Кто же теперь, особенно в более юные годы, хотя оправданное отвращение к людям уже часто заставляло его искать одиночества, не в силах, однако, долго сносить его безлюдья, тому я советую привыкать брать с собой в общество часть своего одиночества, то есть учиться и в обществе быть до некоторой степени одиноким. Он должен для этого не сообщать немедленно своих мыслей другим, а с другой стороны, не придавать большого значения тому, что говорят они; надо, напротив, не ждать от них многого в моральном и интеллектуальном отношениях и потому воспитывать в себе то равнодушие к их мнениям, которое является вернейшим средством всегда обнаруживать достохвальную терпимость.
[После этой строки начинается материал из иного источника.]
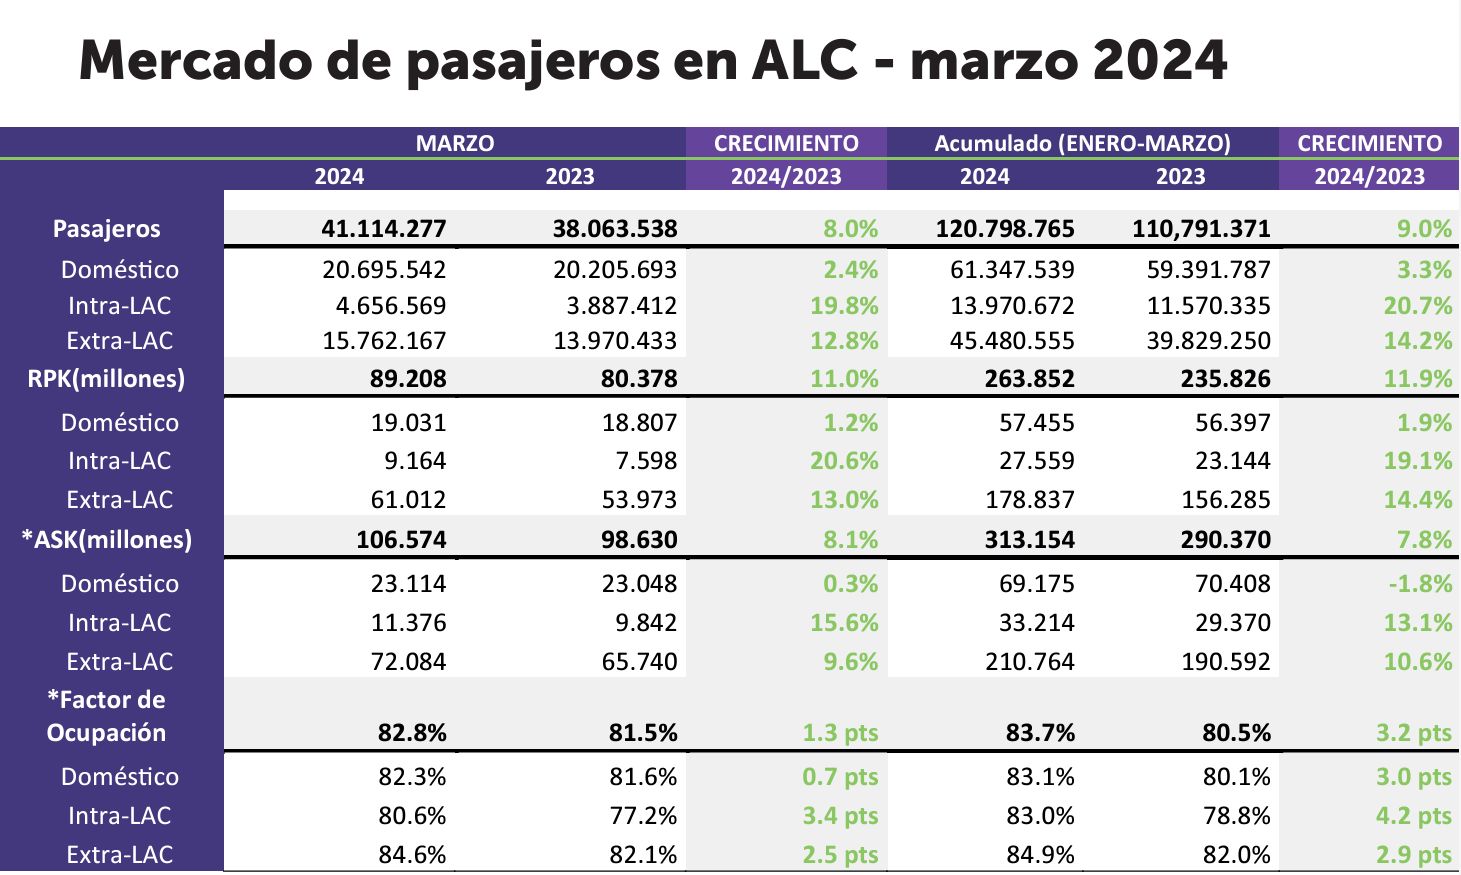 ALTA NEWS - Colombia, Chile, Perú y Brasil impulsan crecimiento de la aviación regional en el primer trimestre de 2024

Тогда, пребывая среди людей, мы все же не будем так всецело поглощены их обществом, а получим больше возможности сохранить по отношению к ним чисто объективное положение; это предохранит нас от тесного соприкосновения с обществом и потому от всякого загрязнения или даже оскорбления. У нас есть даже хорошее драматическое изображение такой ограниченной или огражденной общительности в комедии Моратина
«Comedia nueva ó El Café»[151], именно в действующей там фигуре дона Педро, особенно во второй и третьей сценах первого акта. В этом смысле общество можно сравнить также с огнем, у которого умный греется в надлежащем отдалении, тогда как дурак прямо суется в него, чтобы потом, обжегшись, бежать в холод одиночества и жаловаться на то, что огонь жжёт.10) Зависть
свойственна человеку от природы; тем не менее это – порок и одновременно несчастье[152]. Нам надлежит поэтому считать ее врагом нашего счастья и стараться уничтожить ее как злого демона. К этому клонит Сенека, прекрасно замечая: «Nostra nos sine comparatione delectent: nunquam erit felix quem torquebit felicior»[153] (De ira, 3, 30), затем еще: «Quum adspexeris quot te antecedent, cogita quot sequantui»[154] (Письмо 15); итак, мы должны чаще брать в расчет тех, кому приходится хуже нашего, нежели тех, которые, как представляется, пользуются лучшим жребием. Даже когда нас постигнут настоящие бедствия, наиболее действительным, хотя из одного источника с завистью вытекающим утешением является для нас вид еще больших, чем наши, страданий, а затем общение с людьми, находящимися в одинаковом с нами положении, с sociis malorum[155].Это – об активной стороне зависти. Касательно ее пассивной стороны надо помнить, что никакая ненависть не бывает столь непримиримой, как зависть: вот почему мы не должны неустанно и ревностно стремиться к ее возбуждению в других, напротив, мы лучше бы сделали, если бы отказались от этого удовольствия, как и от некоторых иных, из-за их опасных последствий. Есть три вида аристократии:
1) аристократия рождения и ранга, 2) денежная аристократия, 3) аристократия духовная. Последняя, собственно говоря, самая почетная, да она и признается такой, – для этого нужно только время. Ведь сказал же Фридрих Великий: «Les ames privilègiées rangent a l’égal des souverains»[156], – слова эти именно были обращены к гофмаршалу, шокированному тем, что, в то время как министры и генералы ели за маршальском столом, Вольтеру было указано место за столом, где сидели лишь царствующие особы и принцы. Каждую из этих аристократий окружает толпа ее завистников, которые питают тайную злобу против всякого ее члена и, если им не приходится его бояться, стараются на разные лады дать ему понять: «Ты нисколько не лучше нас!» Но как раз эти усилия и выдают их убеждение в противном. Метод же, какому должны следовать те, кому завидуют, состоит в том, чтобы держать вдали всех, принадлежащих к этой толпе, и возможно более избегать всякого с ними соприкосновения, постоянно отделяя себя от них широкой пропастью; а где этого нельзя, там надо в высшей степени хладнокровно относиться к их усилиям, которые обречены на неудачу в самом своем источнике; и мы видим, что такой образ действий общепринят. Напротив, члены одной аристократии по большей части прекрасно и без зависти уживаются с членами двух остальных, ибо каждый преимуществу другой аристократии противопоставляет собственное.